DATA FOR PROCESSING -
......

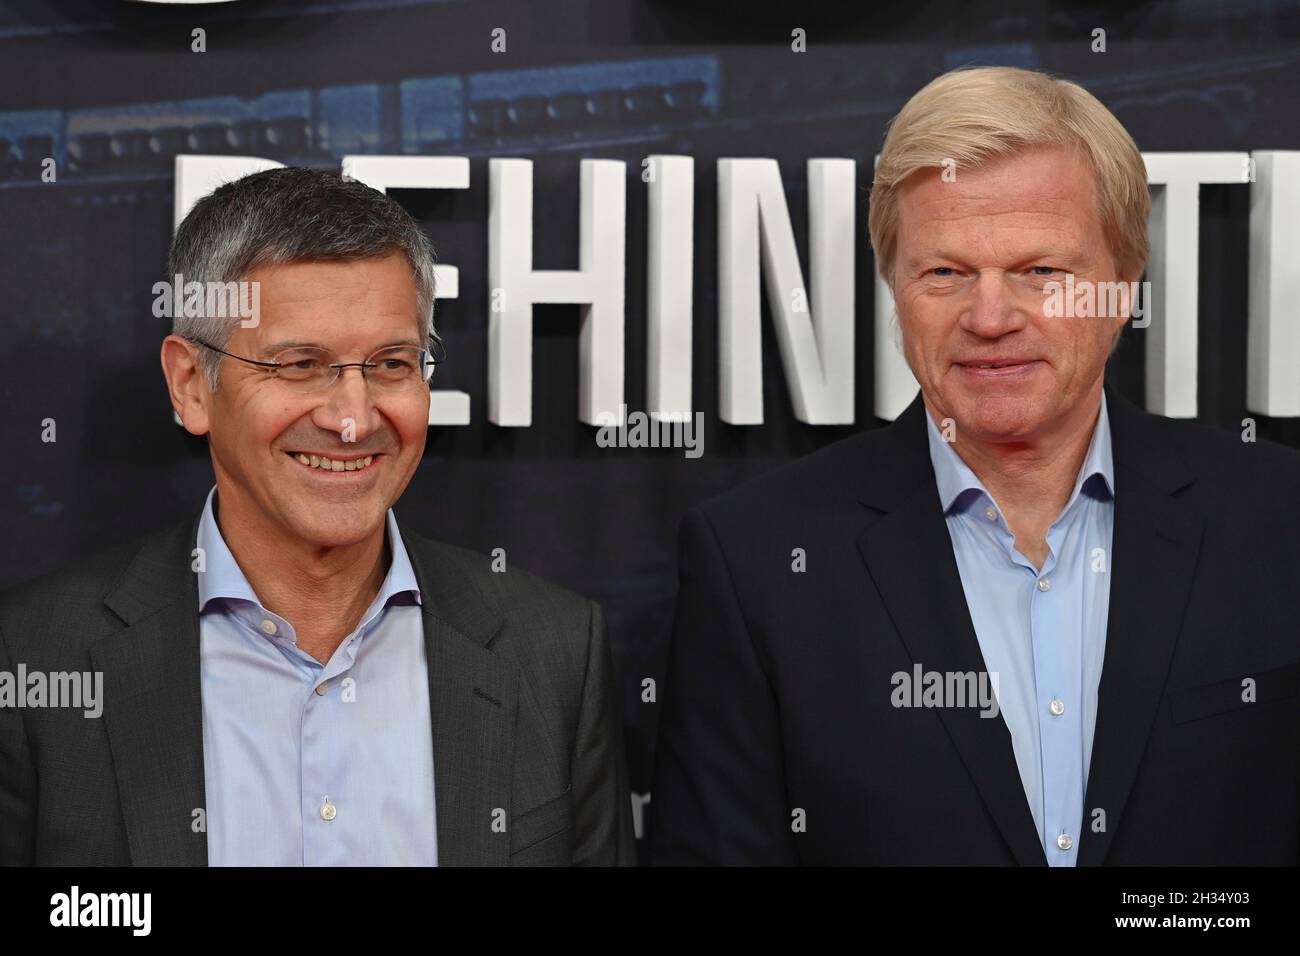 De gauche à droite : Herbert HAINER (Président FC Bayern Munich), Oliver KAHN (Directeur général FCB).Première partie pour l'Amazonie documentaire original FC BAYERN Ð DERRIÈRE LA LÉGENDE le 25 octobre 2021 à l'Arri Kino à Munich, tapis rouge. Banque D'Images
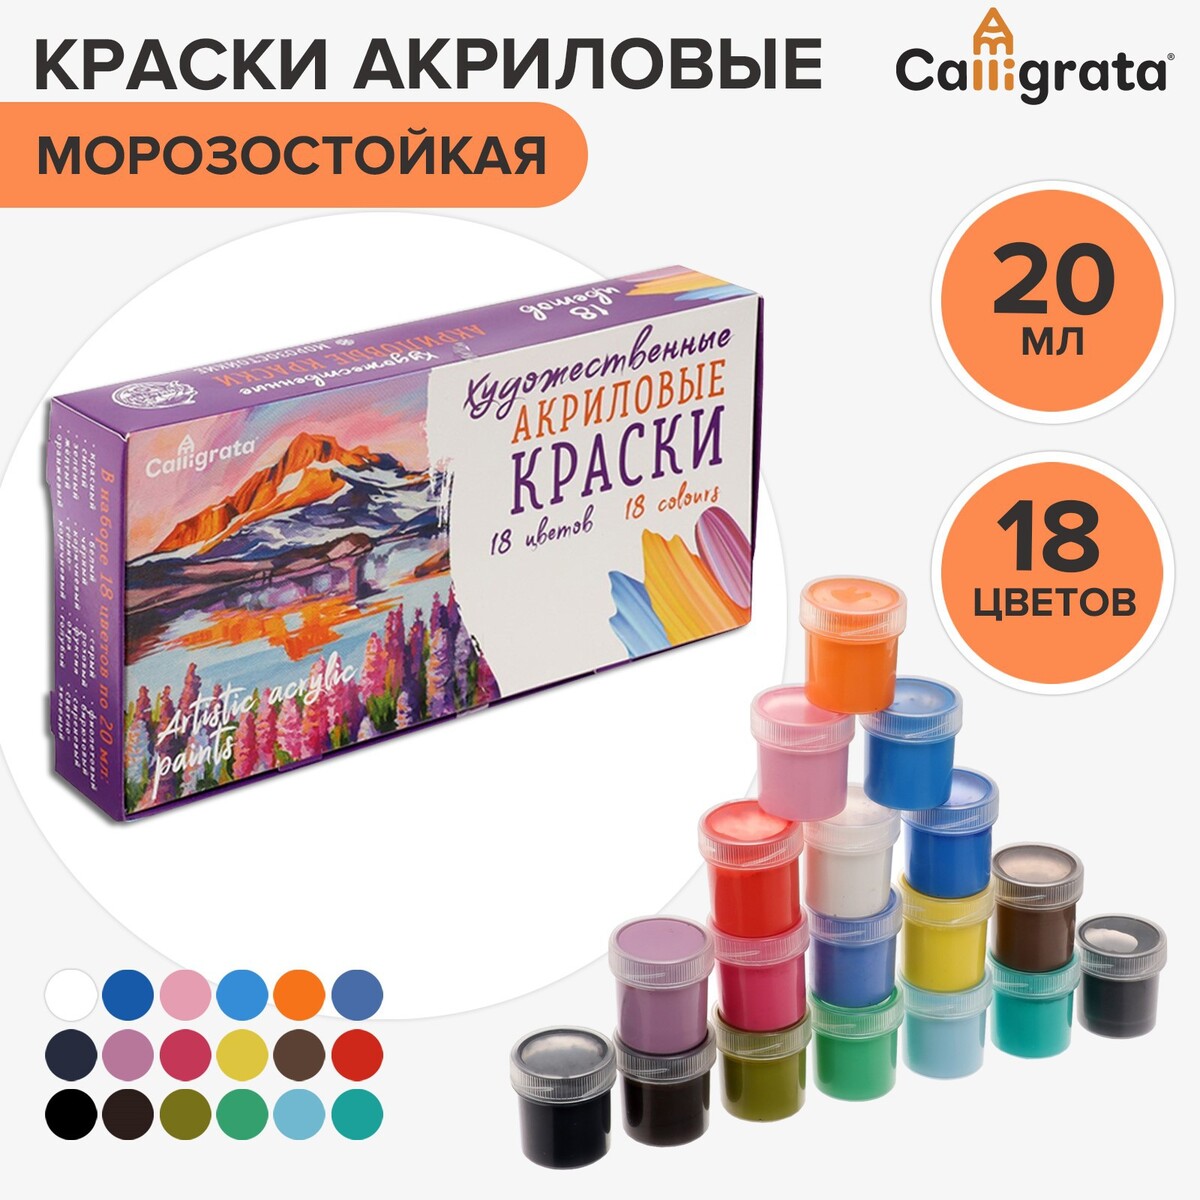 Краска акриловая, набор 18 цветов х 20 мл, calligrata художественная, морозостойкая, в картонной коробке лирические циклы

......

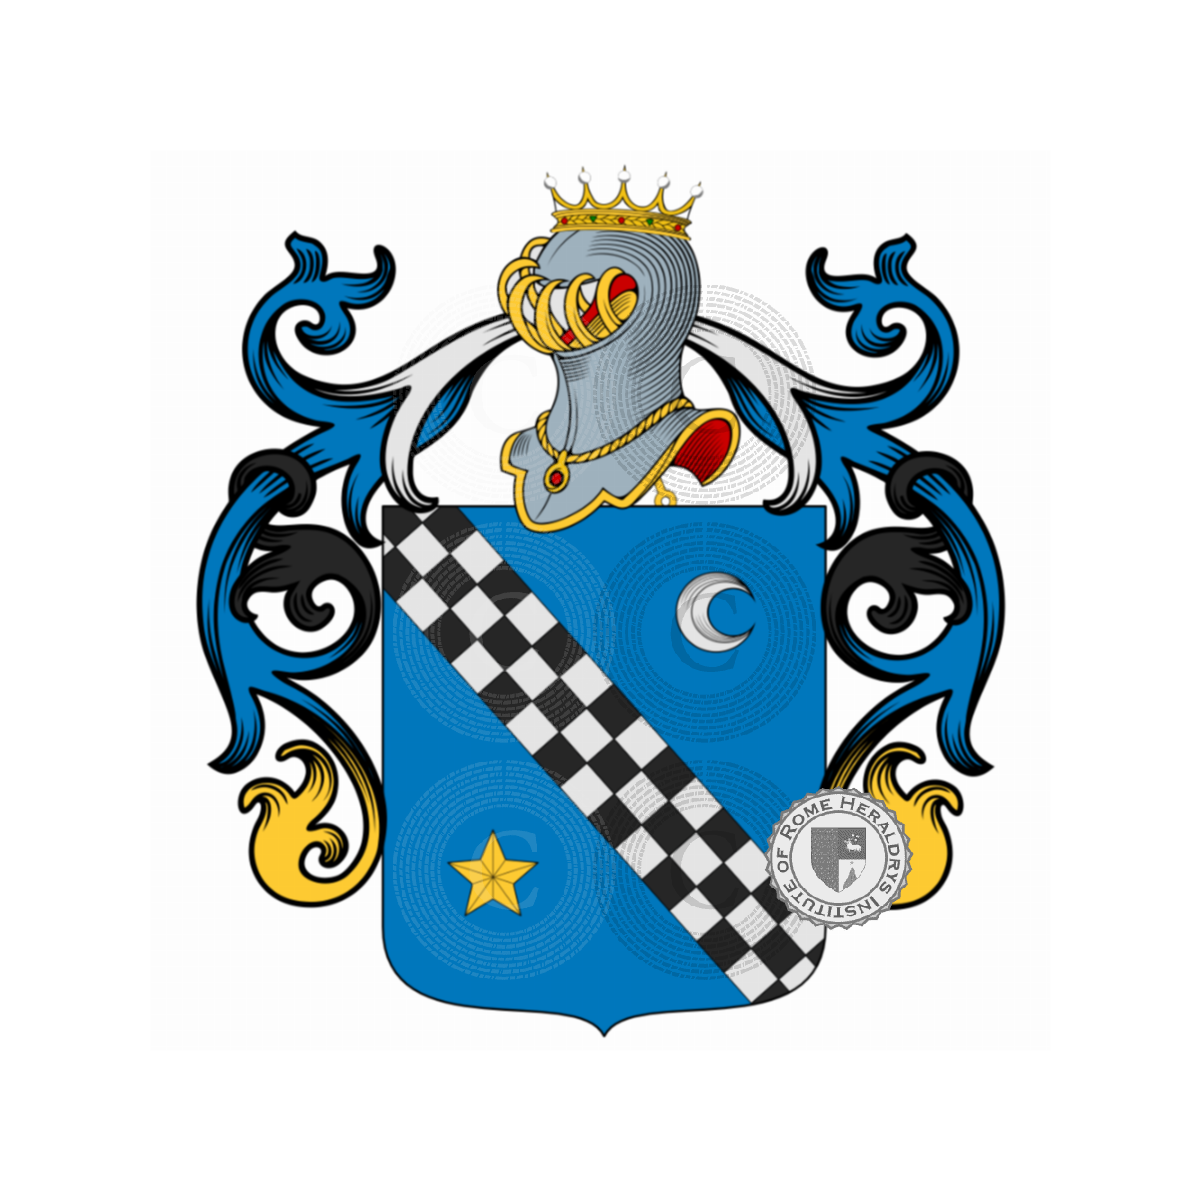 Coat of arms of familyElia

......

Those lines of the records above that run from the one containing "De gauche à" through the one containing "Краска акриловая, набор" should be returned exactly, with no pictures among them.

RESULT OF THIS TASK -
 De gauche à droite : Herbert HAINER (Président FC Bayern Munich), Oliver KAHN (Directeur général FCB).Première partie pour l'Amazonie documentaire original FC BAYERN Ð DERRIÈRE LA LÉGENDE le 25 octobre 2021 à l'Arri Kino à Munich, tapis rouge. Banque D'Images
 Краска акриловая, набор 18 цветов х 20 мл, calligrata художественная, морозостойкая, в картонной коробке лирические циклы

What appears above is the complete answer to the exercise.